I feel there is no benefit from delving straight in to pull out a 2nd lamb
the benfit is you are there you dont have to re catch the ewe, if you have ever had to catch an 80kg cheviot in full flight youll know. you dont have to worry about going back to find her in 20 mins time. you can get on with your lunch/other jobs/sleep at night!

  It really is unnecessary to put your hand/arm up any ewe just because you feel that is what lambing is all about - that is certainly not how I see it.  I

Lambing is all about getting your crop out live and well. the action you take in the field over those few weeks you cannot change, every decision counts. that includes looking after your ewe. i never interfere unless  my experience and gut tells me to. then its get on with it to the best of my ability.

i am just interested in everyone thoughts.

d

ScotsGirl

  • Joined Dec 2009
  • Wiltshire
Re: How long to leave a ewe?
« Reply #26 on: March 26, 2013, 10:49:28 pm »
This has made me laugh.  I have to agree that shepherdesses are probably more sympathetic.  Having had a few men try and assist me with problems I will no longer allow any of them near my sheep!  However one did give me good advice, if things are moving along nicely, let them but if the ewe is pushing and nothing progresses after 10-15 mins then check.

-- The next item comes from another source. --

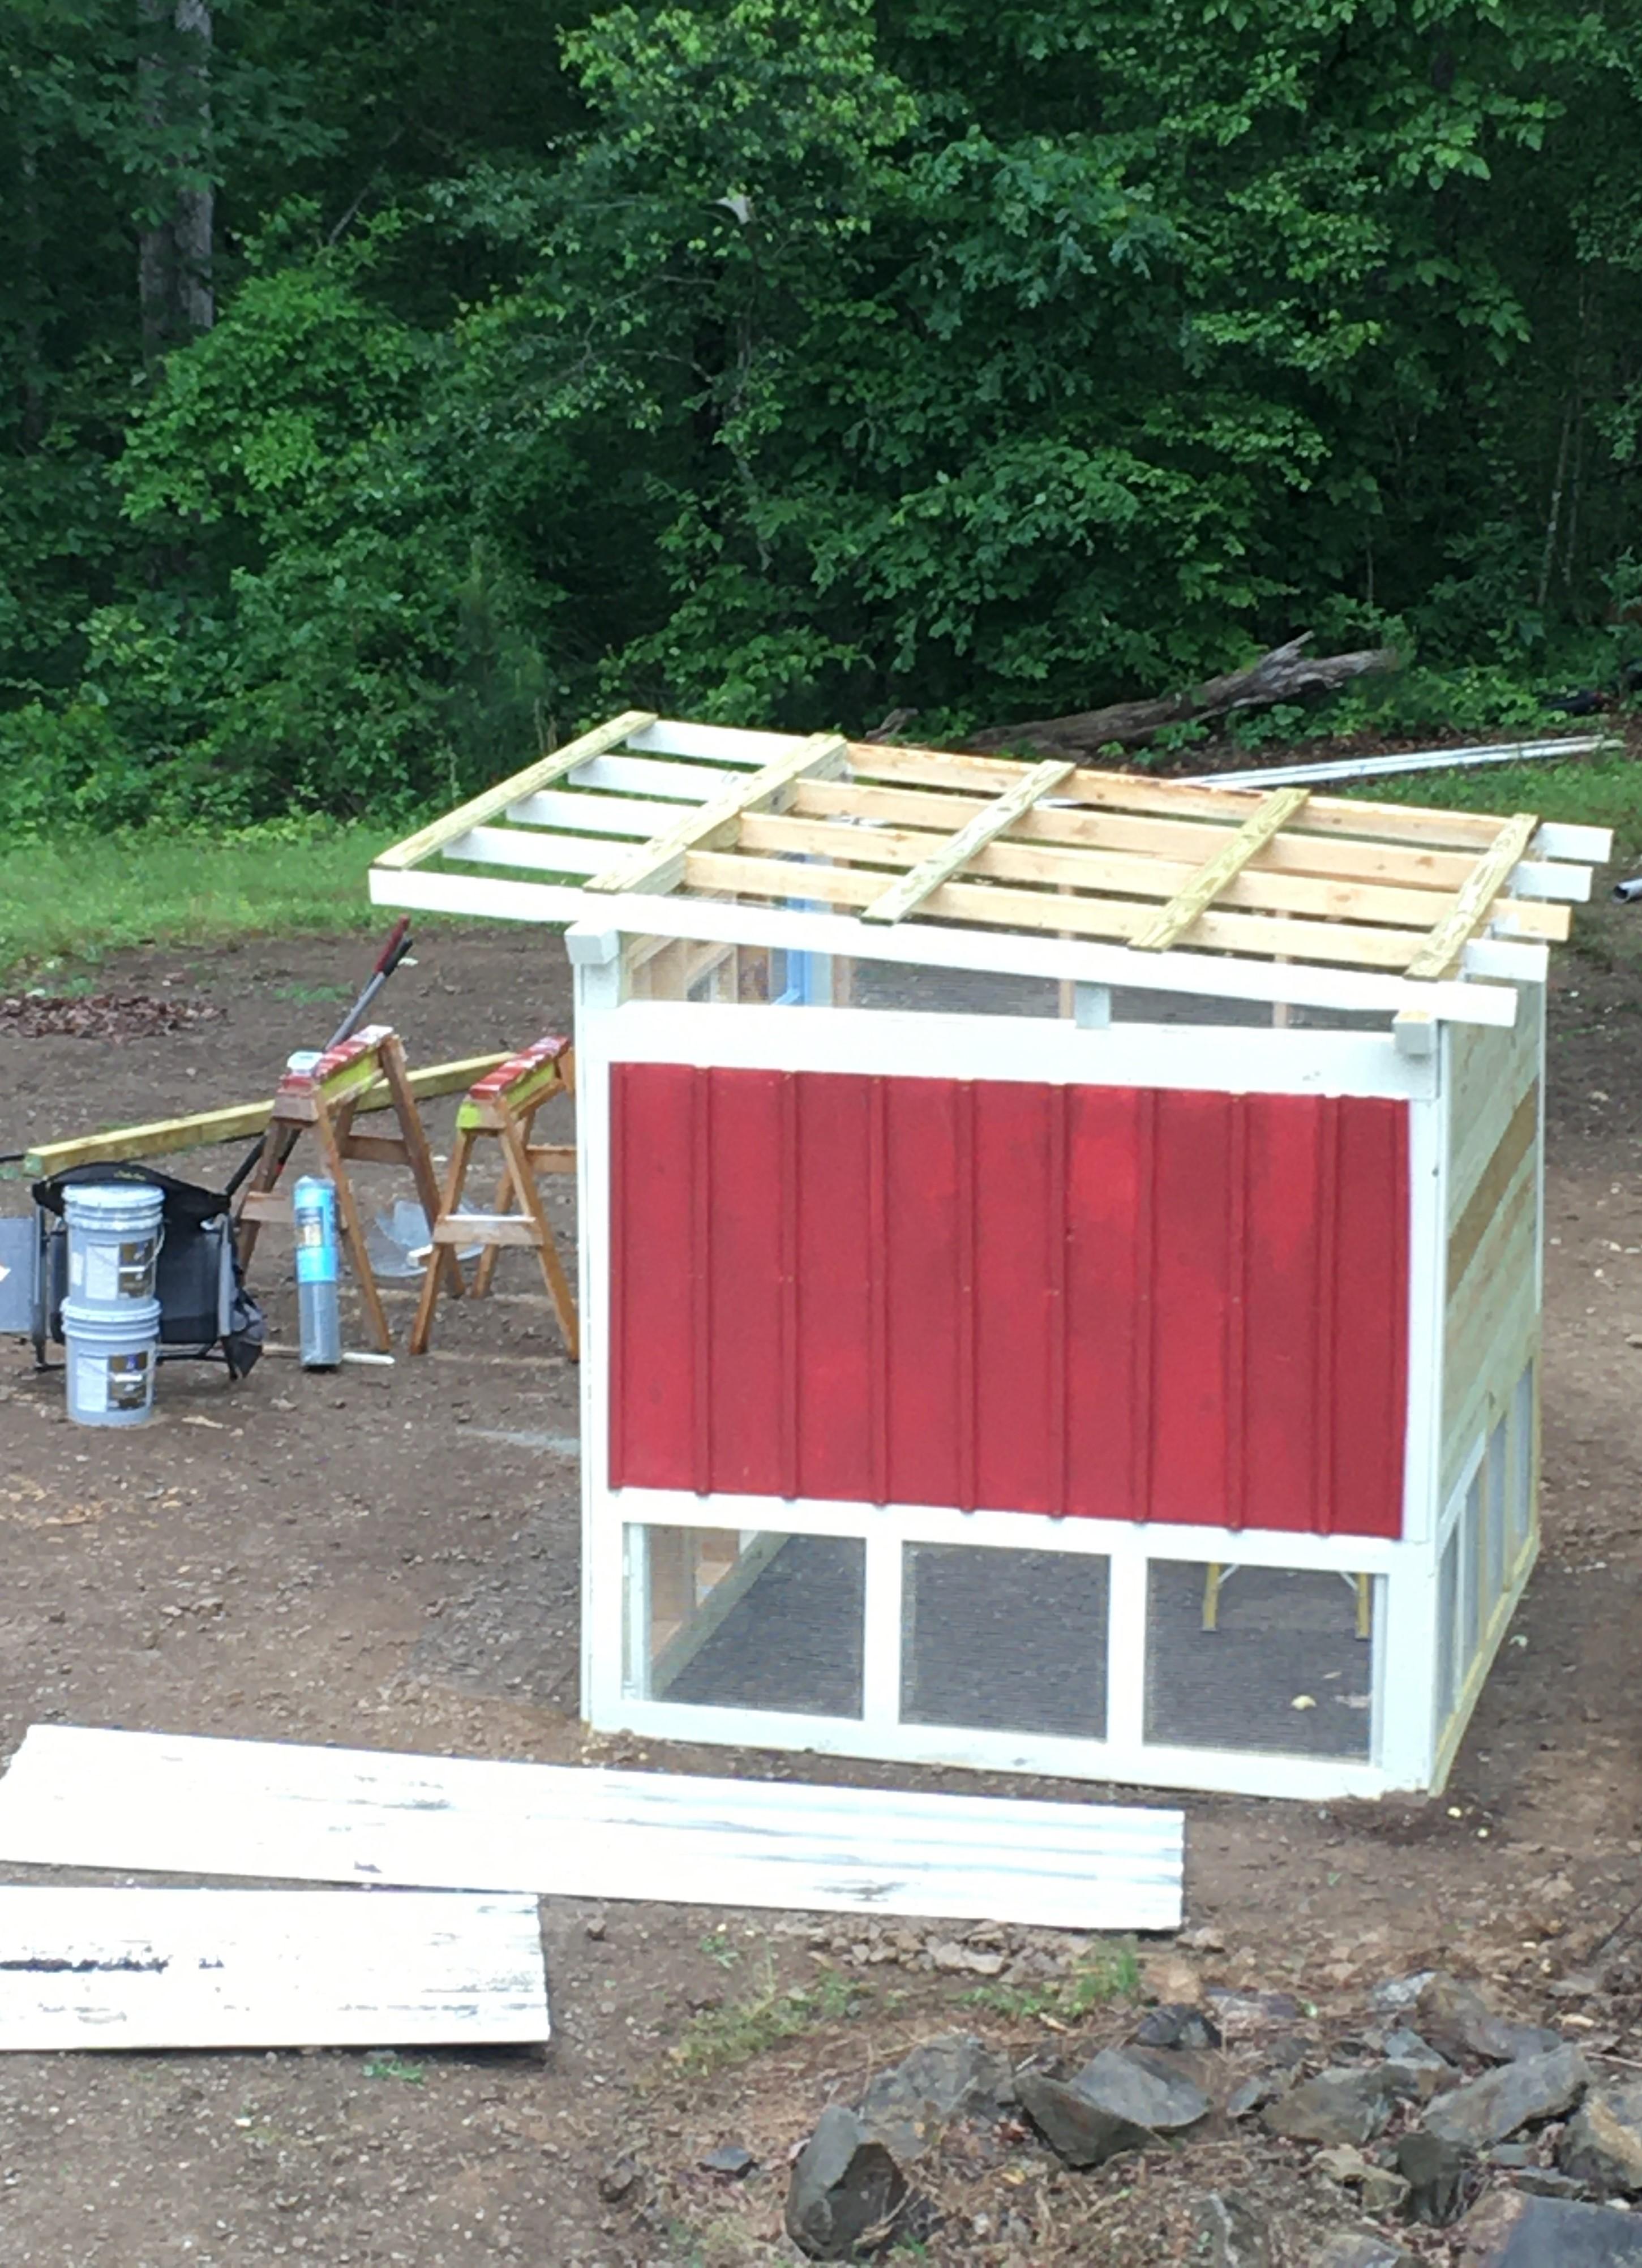 Slippy's Chicken Coop & Chicken Run Build!-coop-7.jpg

As Steve mentioned sometimes that gentle stimulation is enough to move things along but if a problem then it can be resolved without the ewe string tired.  Also says once you go in get them all out.  I usually give mum a few minutes to clean up first before fetching out the rest except when triplets in a muddle then I get them all out.


You do have to watch sometimes though, I have one or two ewes who will lie down and look at me with that "we'll get them out then!" Look so make the, do as much work before rushing in.